■ **EXERCISE**
Check the material that follows for the word "Valentine" and say how many lines contain it, with no other words.

■ **DATA FOR REVIEW**
+ + +

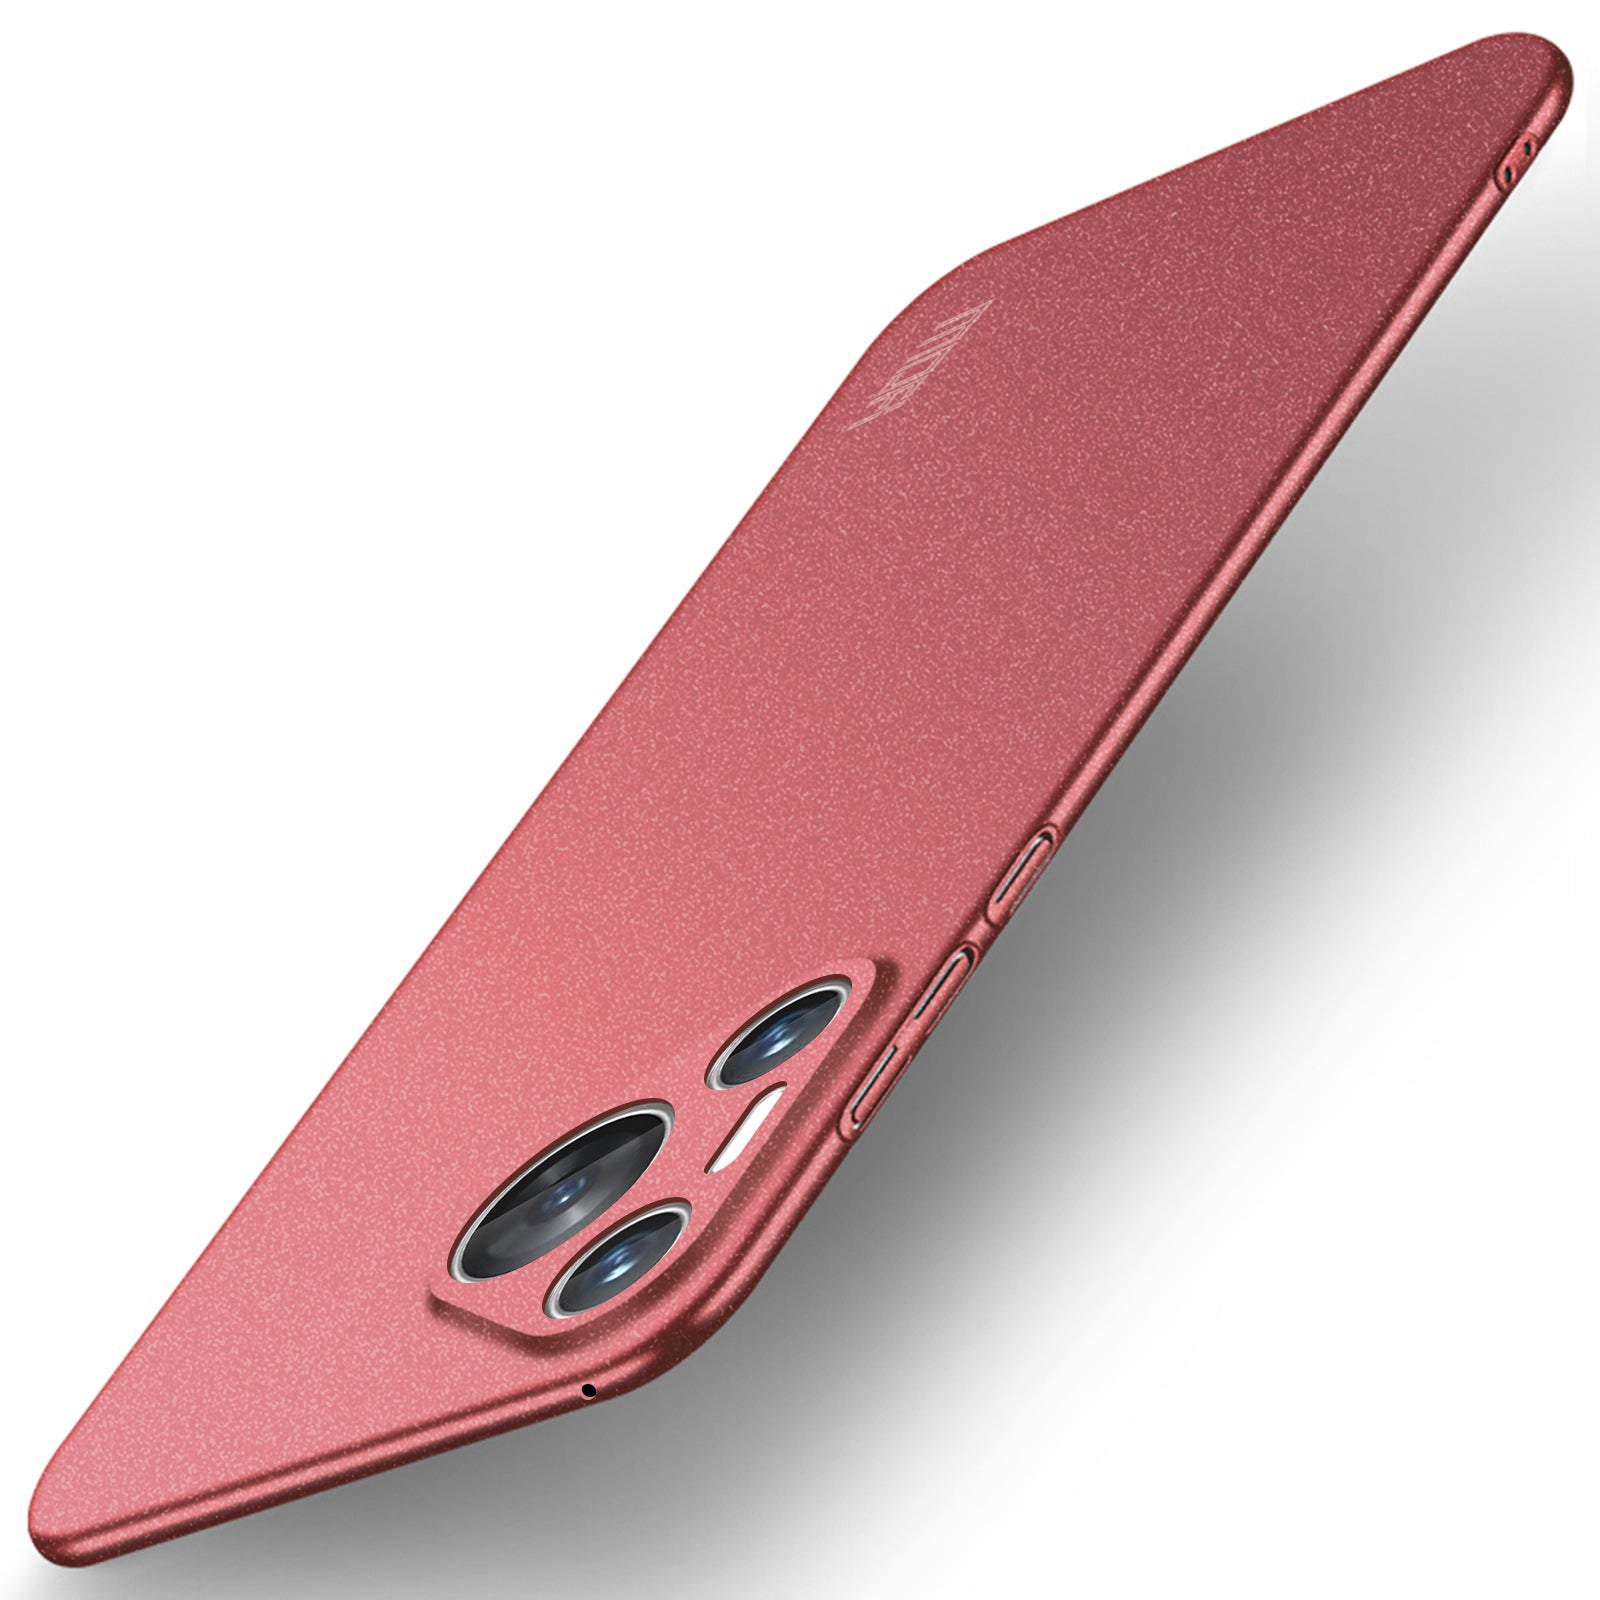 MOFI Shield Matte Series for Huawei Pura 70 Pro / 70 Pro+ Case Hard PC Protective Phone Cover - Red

+ + +

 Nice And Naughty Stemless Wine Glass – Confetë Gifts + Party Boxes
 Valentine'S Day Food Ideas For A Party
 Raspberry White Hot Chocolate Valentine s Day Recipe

+ + +

■ **EXPECTED ANSWER**
2